The concept that a substantial fraction of the encoded proteins are intrinsically disordered (IDPs) or contain intrinsically disordered regions (IDRs), that are nevertheless fully functional, has revolutionized our understanding of protein science. This finding has directly challenged the classic view implying 'sequence determines structure determines function'. Since their discovery, IDPs and IDRs have been implicated in several cellular functions, being recognized and/or post-translationally modified by structured domains of interacting partners. Importantly, a number of pathologies have been linked to IDPs, demanding for a better understanding of the physical-chemical principles underlining their function.
Among IDPs, a particularly interesting role is played by Short Linear Motifs (SLiMs), consisting of short stretches of typically 3 to 12 amino acids that, despite their small size, mediate crucial interaction between protein partners often acting as regulators of entire pathways. SLiMs function has been associated with disease. For instance, both papilloma virus and SARS-CoV-2 hijack endogenous SLiMs to cause cervical cancer and facilitate lung infection, respectively.
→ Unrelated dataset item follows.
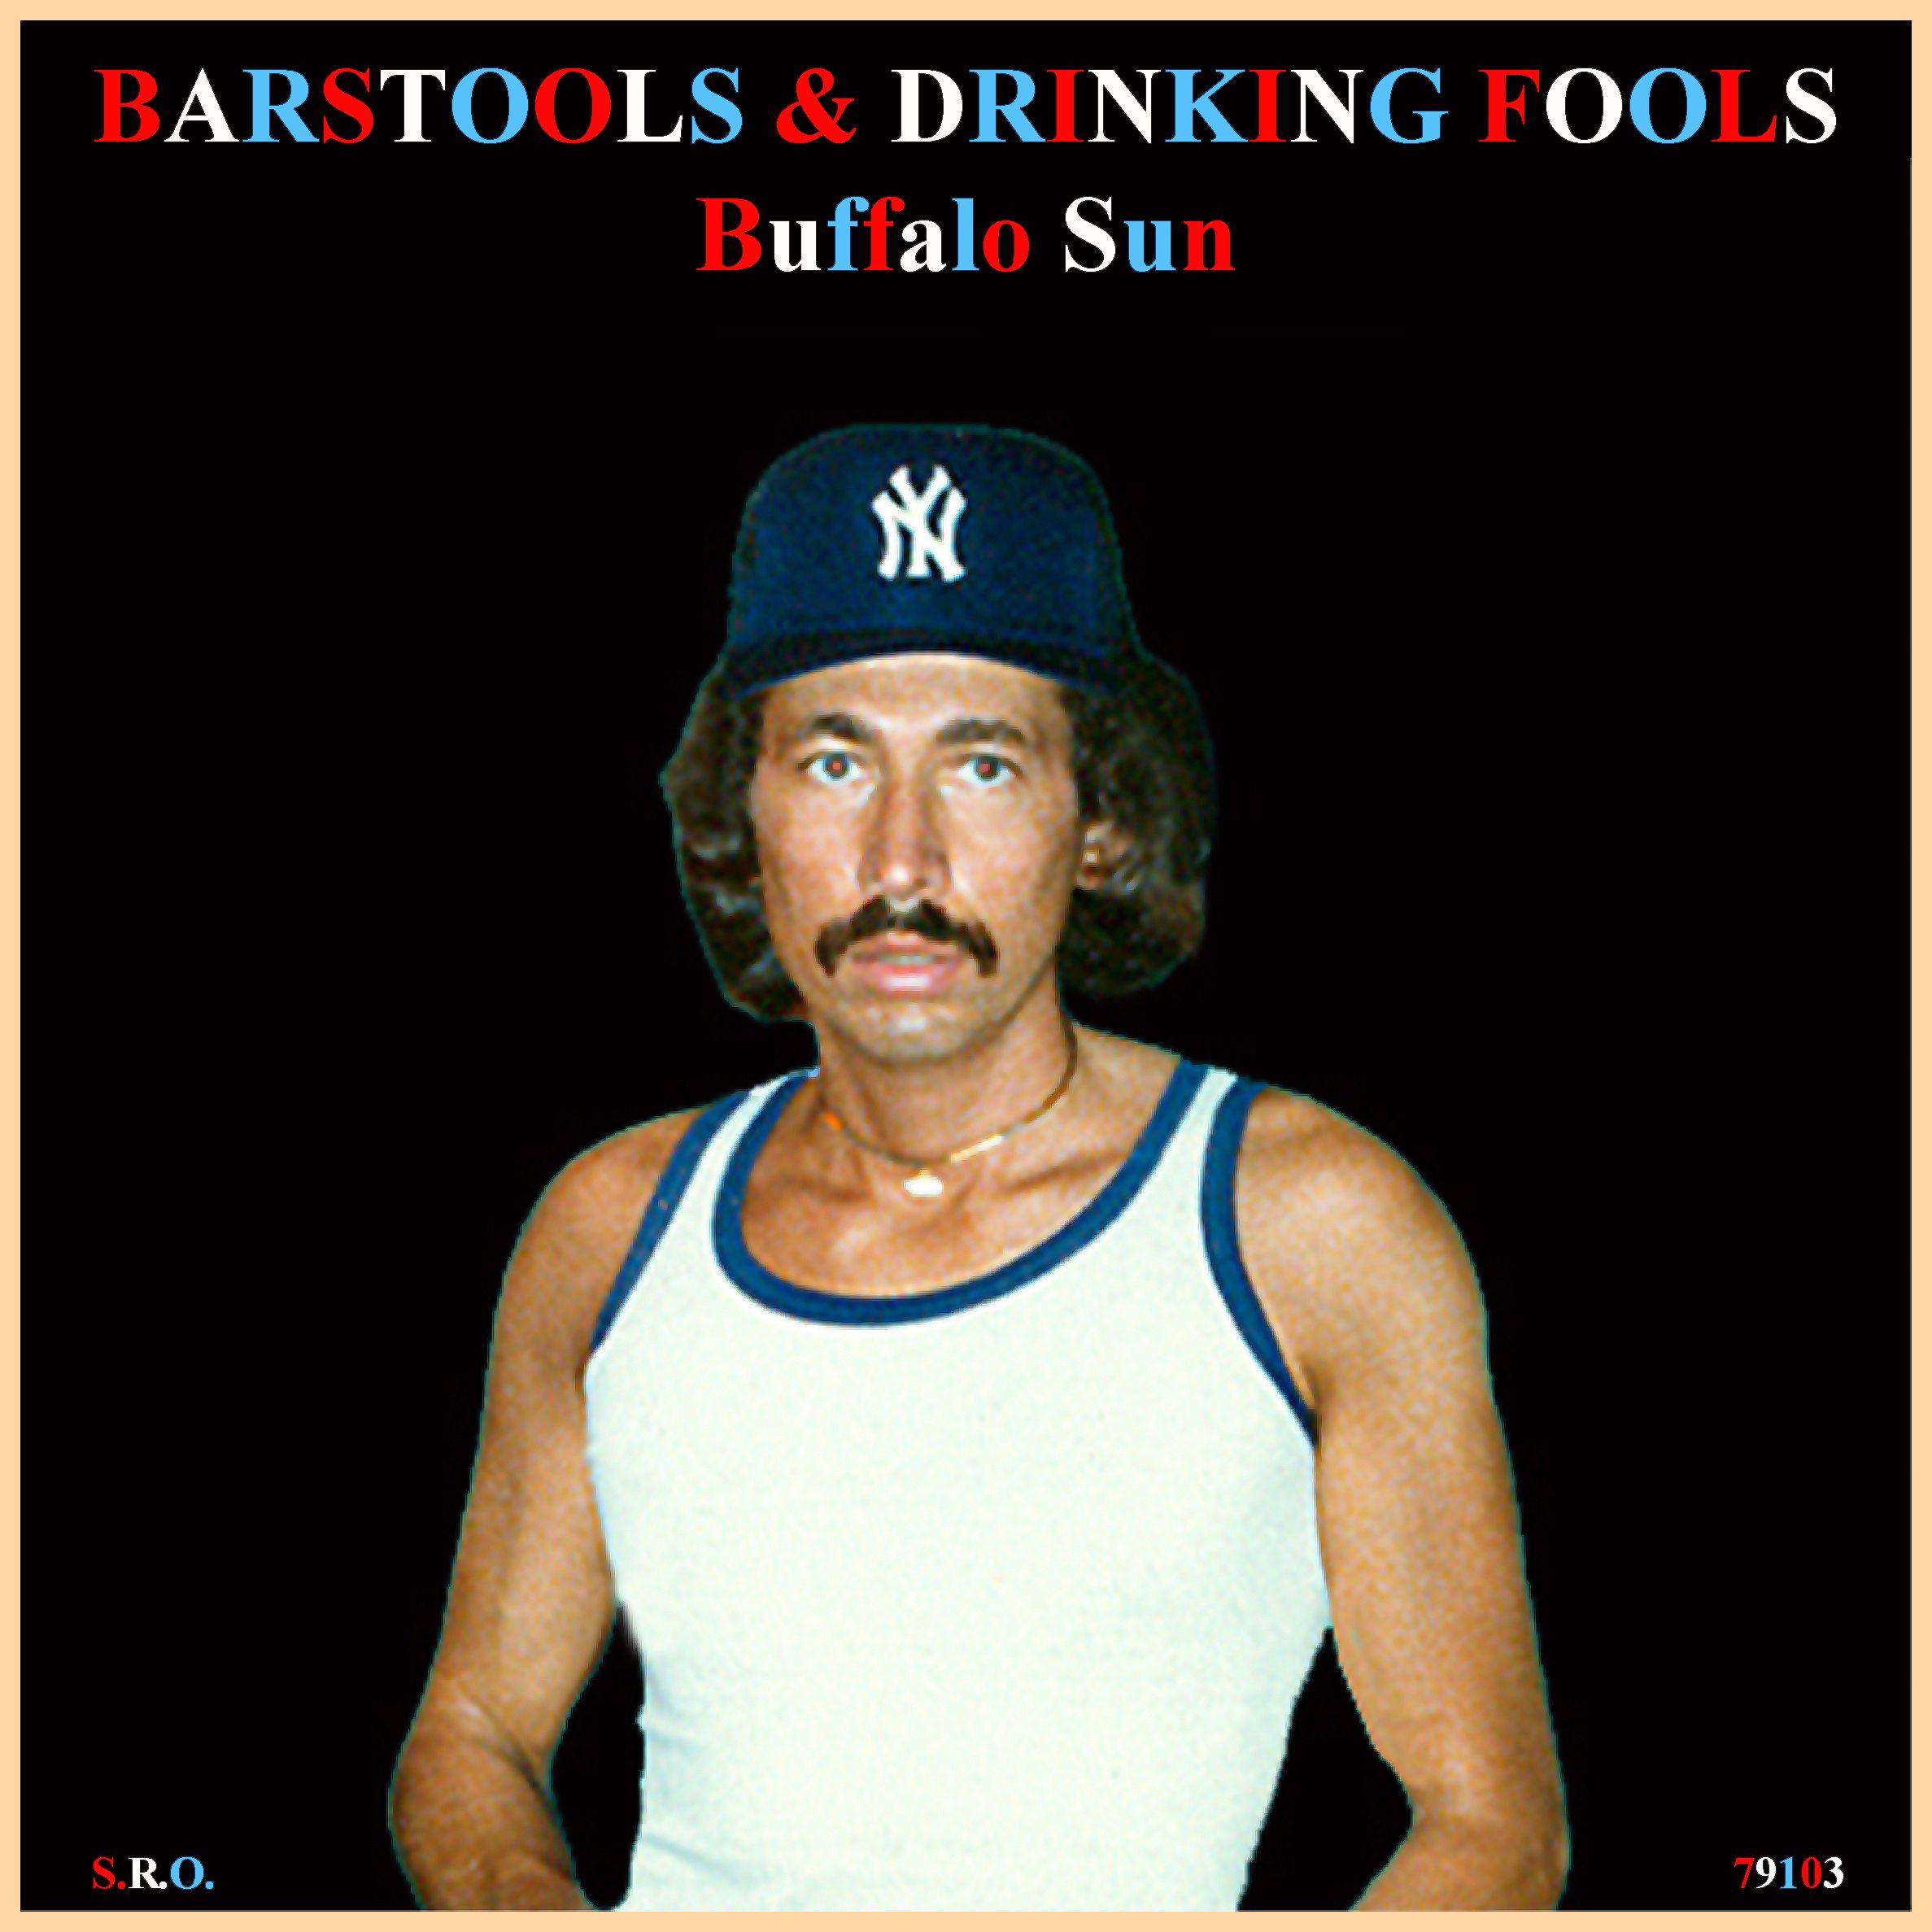 Buffalo Sun Bar Stools And Drinking Fools S R O

Another example of recognition afforded by the presence of an IDR is provided by nucleophosmin (NPM1). This protein is overexpressed and mutated in a number of cancers and used by several viruses, including HIV and HBV, to transport viral proteins to nucleoli. Mutations at the IDR compromise this function and have been described in solid cancers and dyskeratosis congenita.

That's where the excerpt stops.